Despite the underwhelming and sweaty totem quest, this is a satisfying and promising place to leave Kara. From the beginning, the show has been about Kara trying to juggle her human and Kryptonian sides, so Kara realizing she doesn't have to choose and can just be herself definitely feels earned. Not only that, but Cat is right. The idea of a unified Kara is an interesting one, and in spite of the messiness of the final season, the series finale does leave us wanting to see what Kara's future looks like.

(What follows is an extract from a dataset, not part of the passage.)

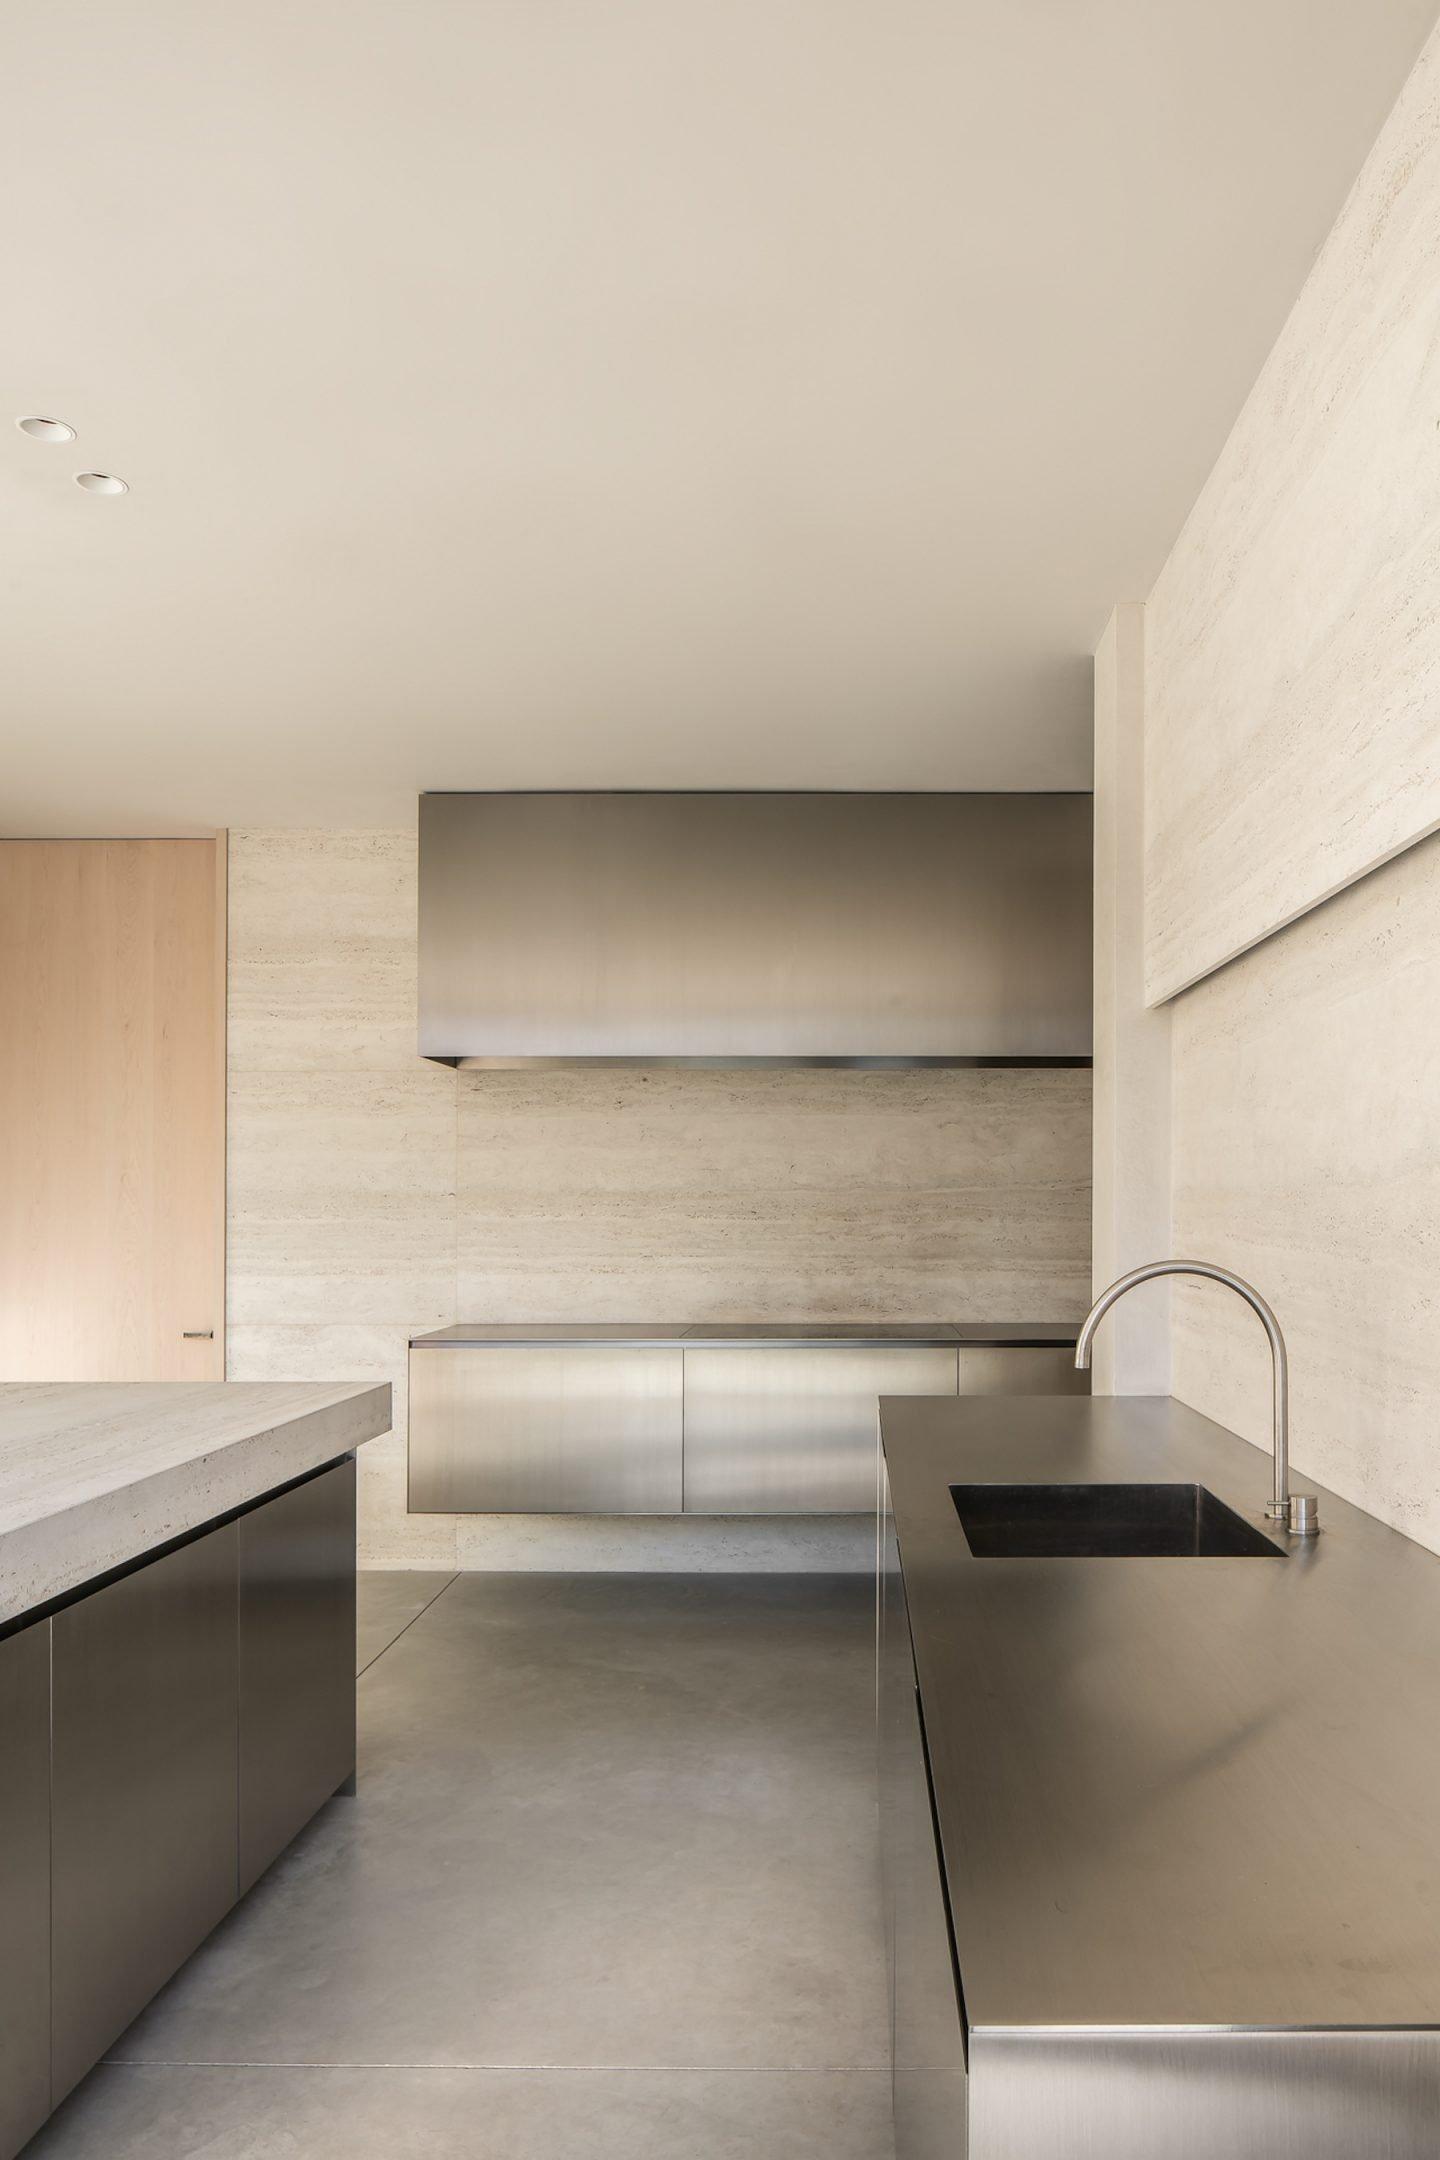 IGNANT-Design-Marie-Stadsbader-Diapal-01
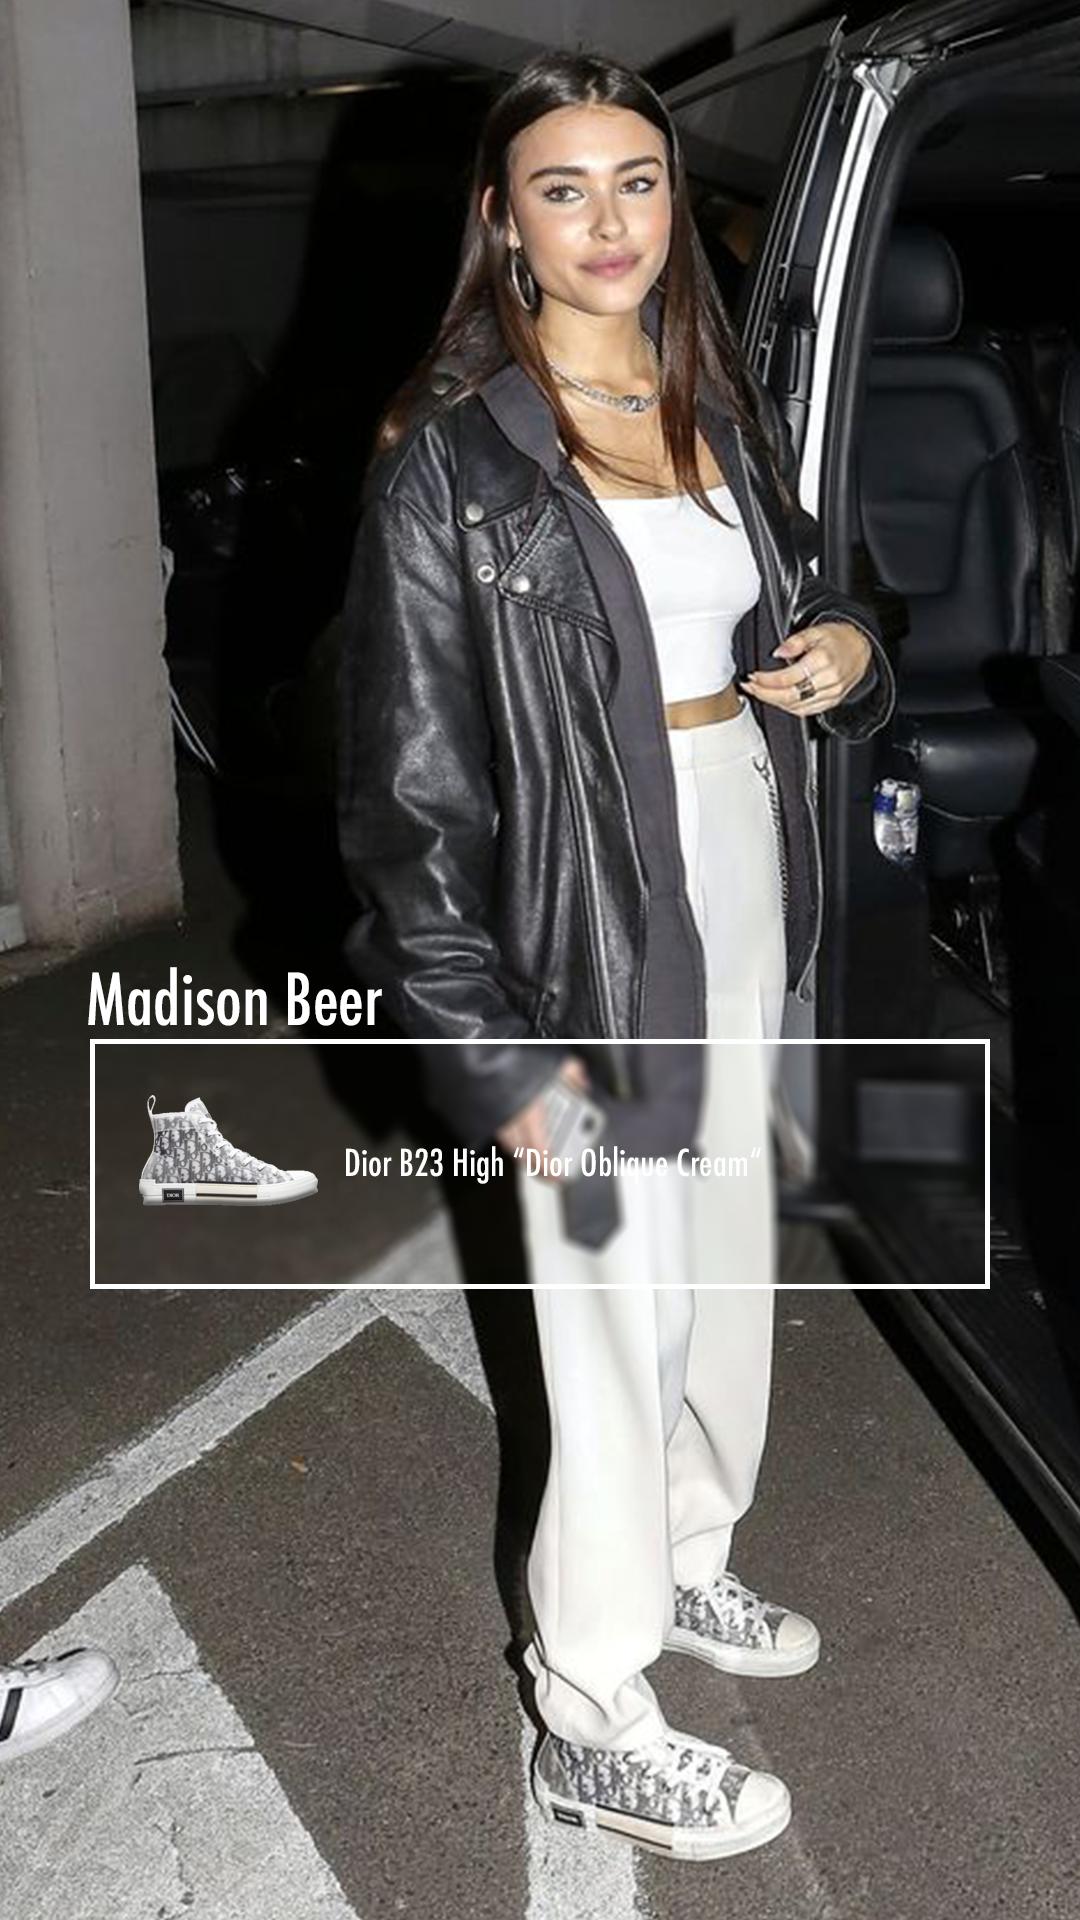 Madison Beer: Dior B23 High \

Mehcad Brooks as Jimmy Olsen, Melissa Benoist as Kara Danvers, and Jeremy Jordan as Winn on 'Supergirl'
| Credit: Katie Yu/The CW

Wall of Weird:

  • With her dying breaths, Lilian reveals that she knew Lena had magical powers and took steps to suppress that side her, and urges her daughter to fully embrace her power to defeat Lex.
  • Did the magic stuff work for anyone? The show didn't do a great job of establishing the rules, so it often just felt like a lazy plot device.
  • Last week Brainy got all emo after finding out he had to return to the future to save his entire race. In the finale, he says screw the future and decides to stay here to be with Nia. What was the point of all the angst, then?
  • Even though it likely wasn't possible due to the pandemic and scheduling, it's hard not to be disappointed that Superman (Tyler Hoechlin) wasn't in the finale. Would've loved to have seen Kara and Clark discuss her decision to abandon her secret identity. At the very least it would've been nice if we saw Kara instant-message Clark about it like she did in season 1.
  • Already counting down the days until Superman & Lois frees Cryer's Lex Luthor from the Phantom Zone, because Cryer has been great in this role.